> Problem requirements:
A verbatim copy is needed of the lines below from the one containing "Privé skilessen voor" up to and including the one containing "New Balance Antrasit", excluding pictures.

> Supplied information:
◇ ◇ ◇
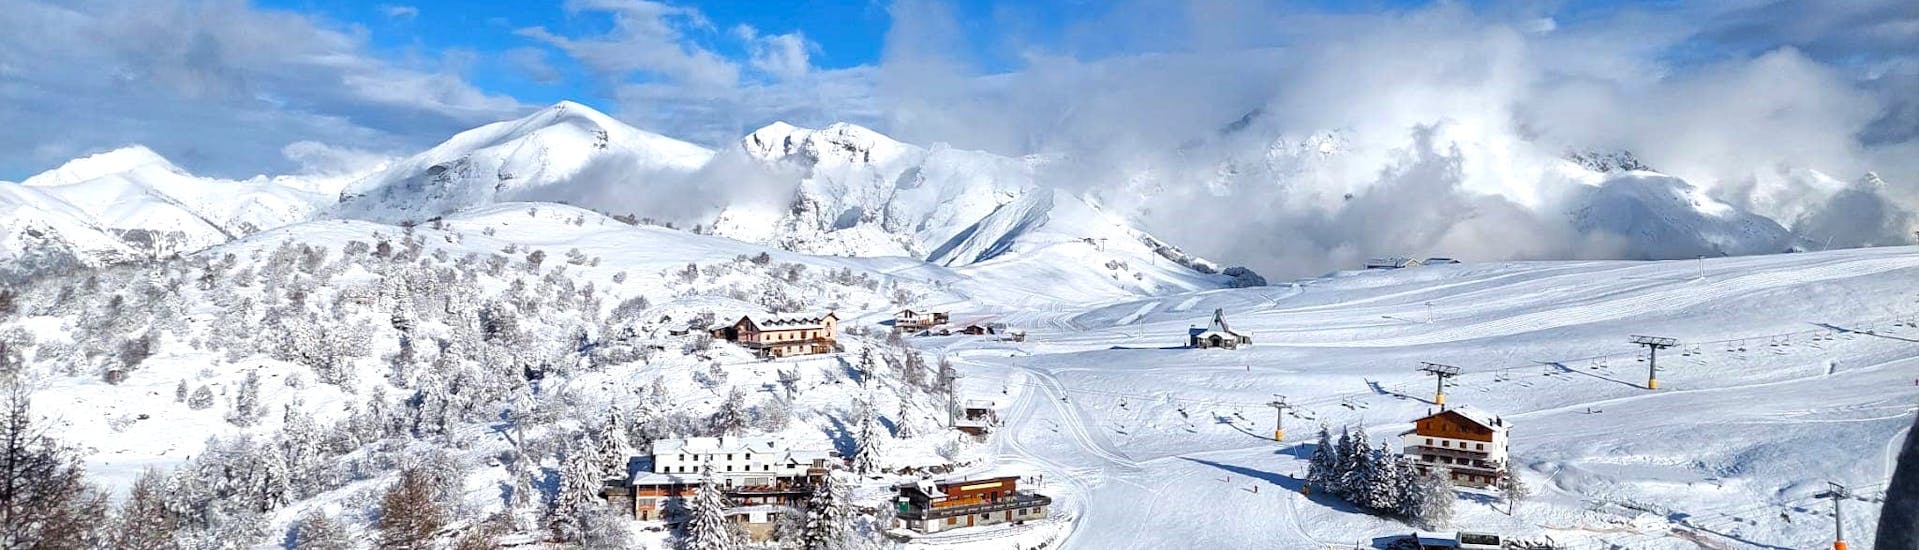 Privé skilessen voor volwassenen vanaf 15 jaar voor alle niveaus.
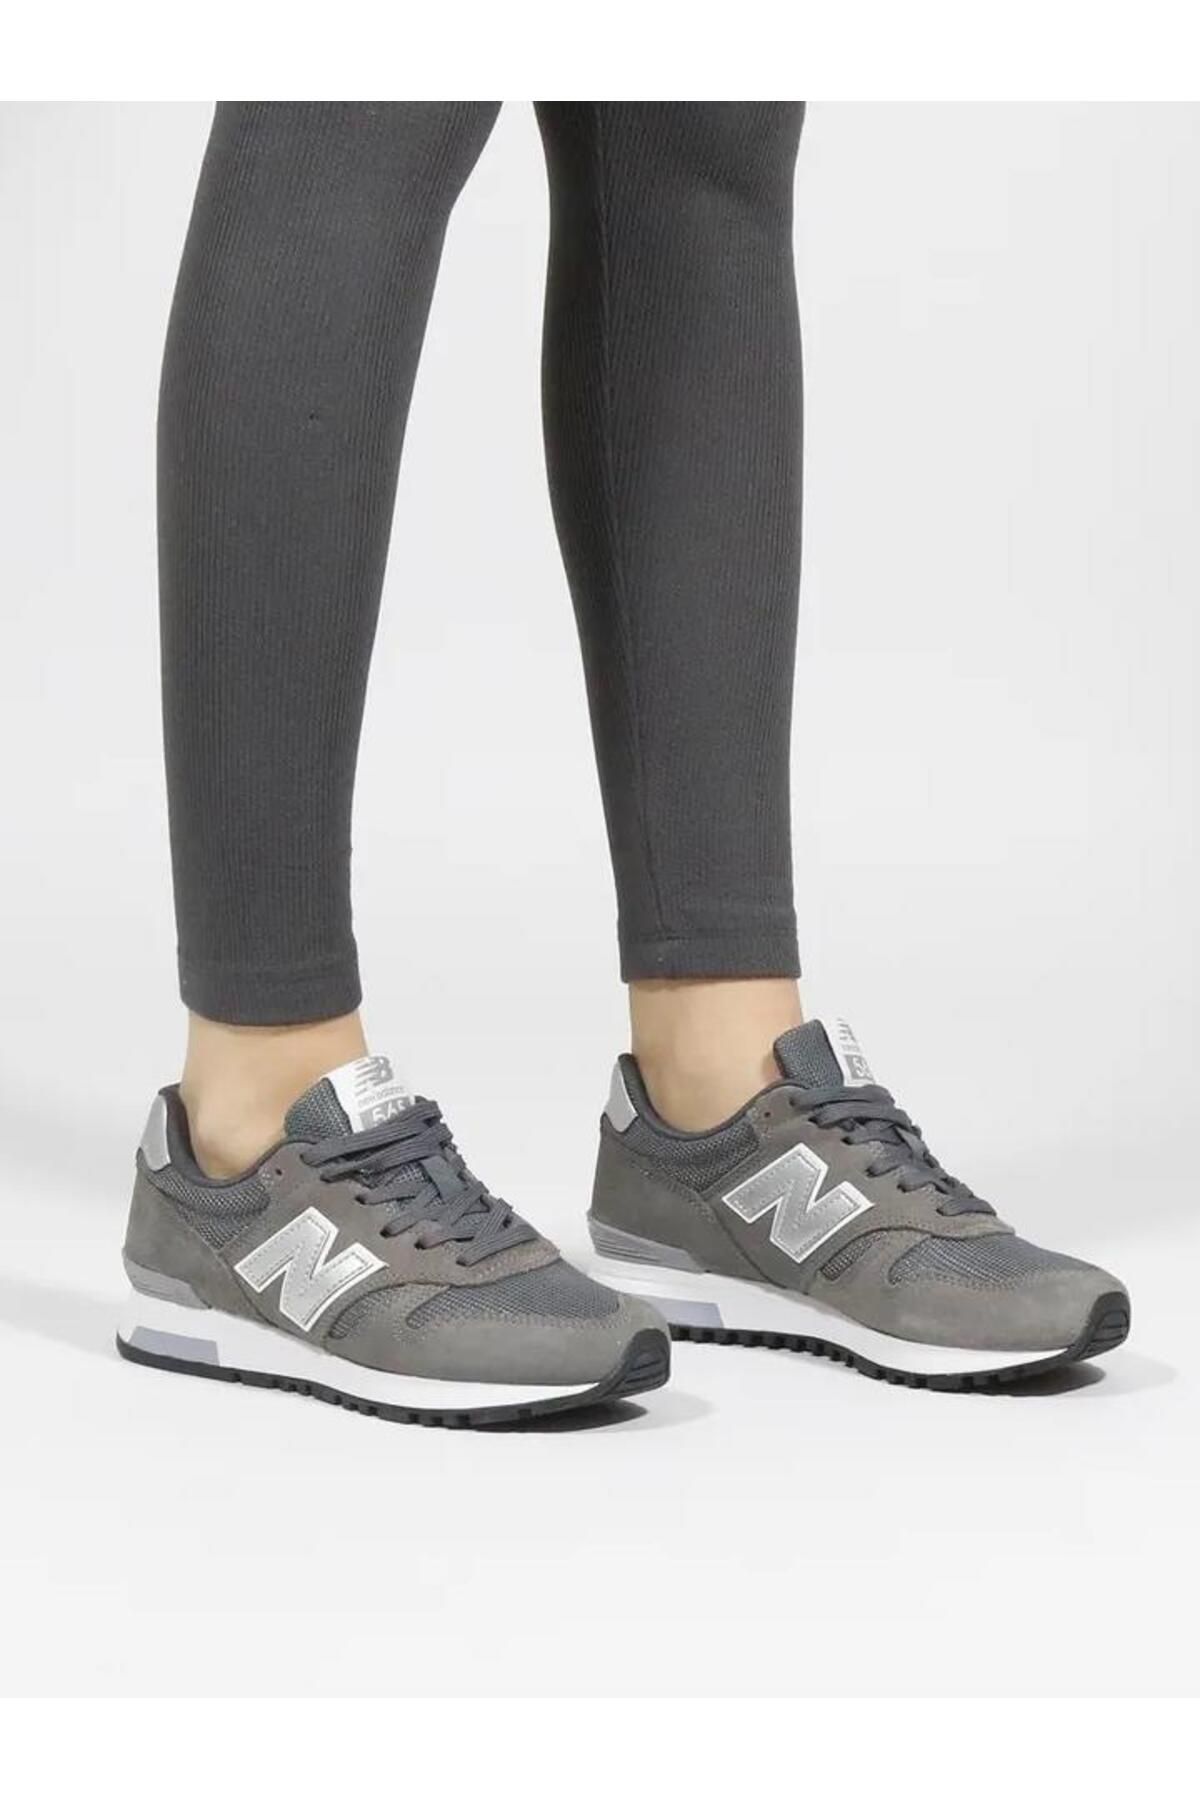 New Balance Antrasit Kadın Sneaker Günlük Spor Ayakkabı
◇ ◇ ◇
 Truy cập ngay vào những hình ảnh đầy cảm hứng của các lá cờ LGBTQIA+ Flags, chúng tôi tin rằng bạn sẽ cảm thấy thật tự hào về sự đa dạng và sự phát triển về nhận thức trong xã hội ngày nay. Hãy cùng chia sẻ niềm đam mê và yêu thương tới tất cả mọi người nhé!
◇ ◇ ◇
> Final answer:
 Privé skilessen voor volwassenen vanaf 15 jaar voor alle niveaus.
 New Balance Antrasit Kadın Sneaker Günlük Spor Ayakkabı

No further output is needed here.